Rivals
- Website type: Sports recruiting information
- Available in: English
- Owner: On3.com
- Website: www.on3.com/rivals
- Commercial: Yes
- Registration: Depending on individual usage
- Launched: November 4, 1998; 27 years ago
- Current status: Online

= Rivals.com =

Sports recruiting website

Rivals is a service provided by On3.com that focuses on college football, basketball, and softball recruiting in the United States. It releases individual high school athlete rankings each year.

==History==
The service was founded in 1996 and launched as Rivals.com in November 1998 in Seattle by Jim Heckman, Shannon Terry, William Sornsin, and other investors.

In February 2000, the company raised $35 million from SoftBank Group.
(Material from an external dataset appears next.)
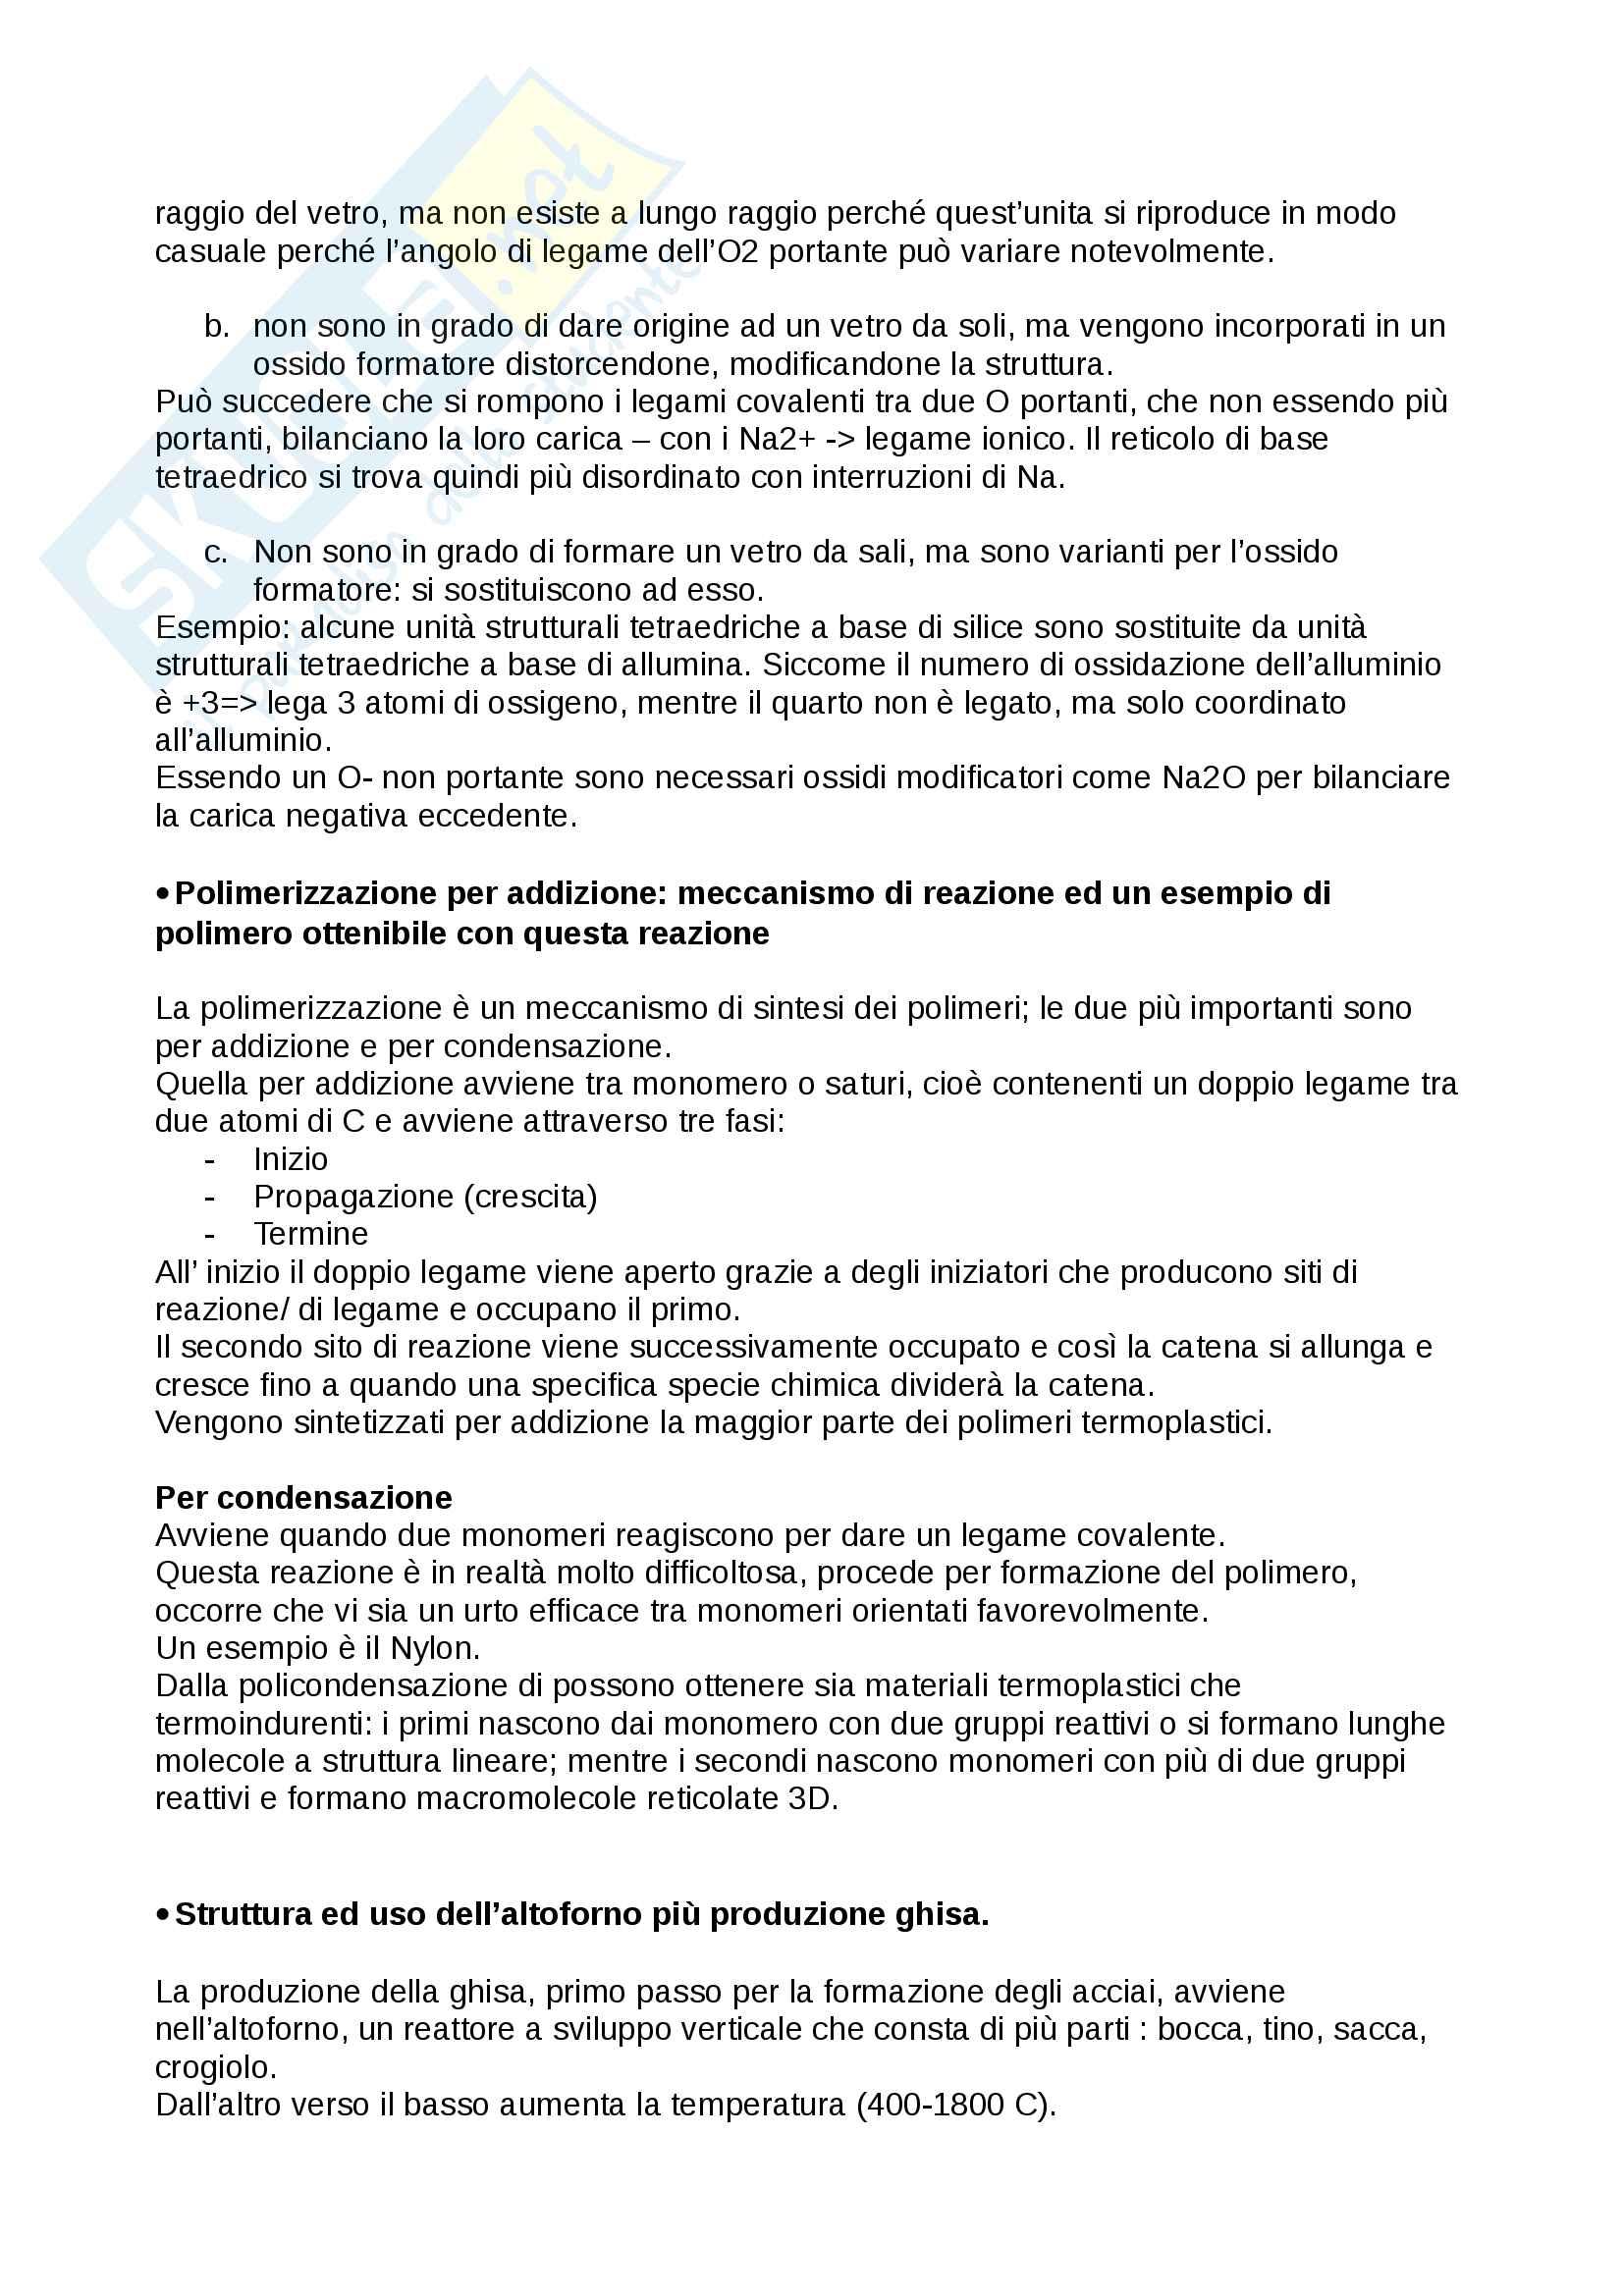 Scienze dei materiali: domande esame - Verné Pag. 6

In total, the company raised $90 million in venture capital from investors including SoftBank Group, Hummer Winblad Venture Partners, Intel, and Fox Digital Entertainment.

In December 2000, Rivals.com switched to a subscription business model. By March 2001, it had 20,000 paying subscribers.

In January 2000, Rivals acquired AllianceSports, a regional network that primarily covered college sports in the Southeastern United States, founded by Shannon Terry, for $3 million.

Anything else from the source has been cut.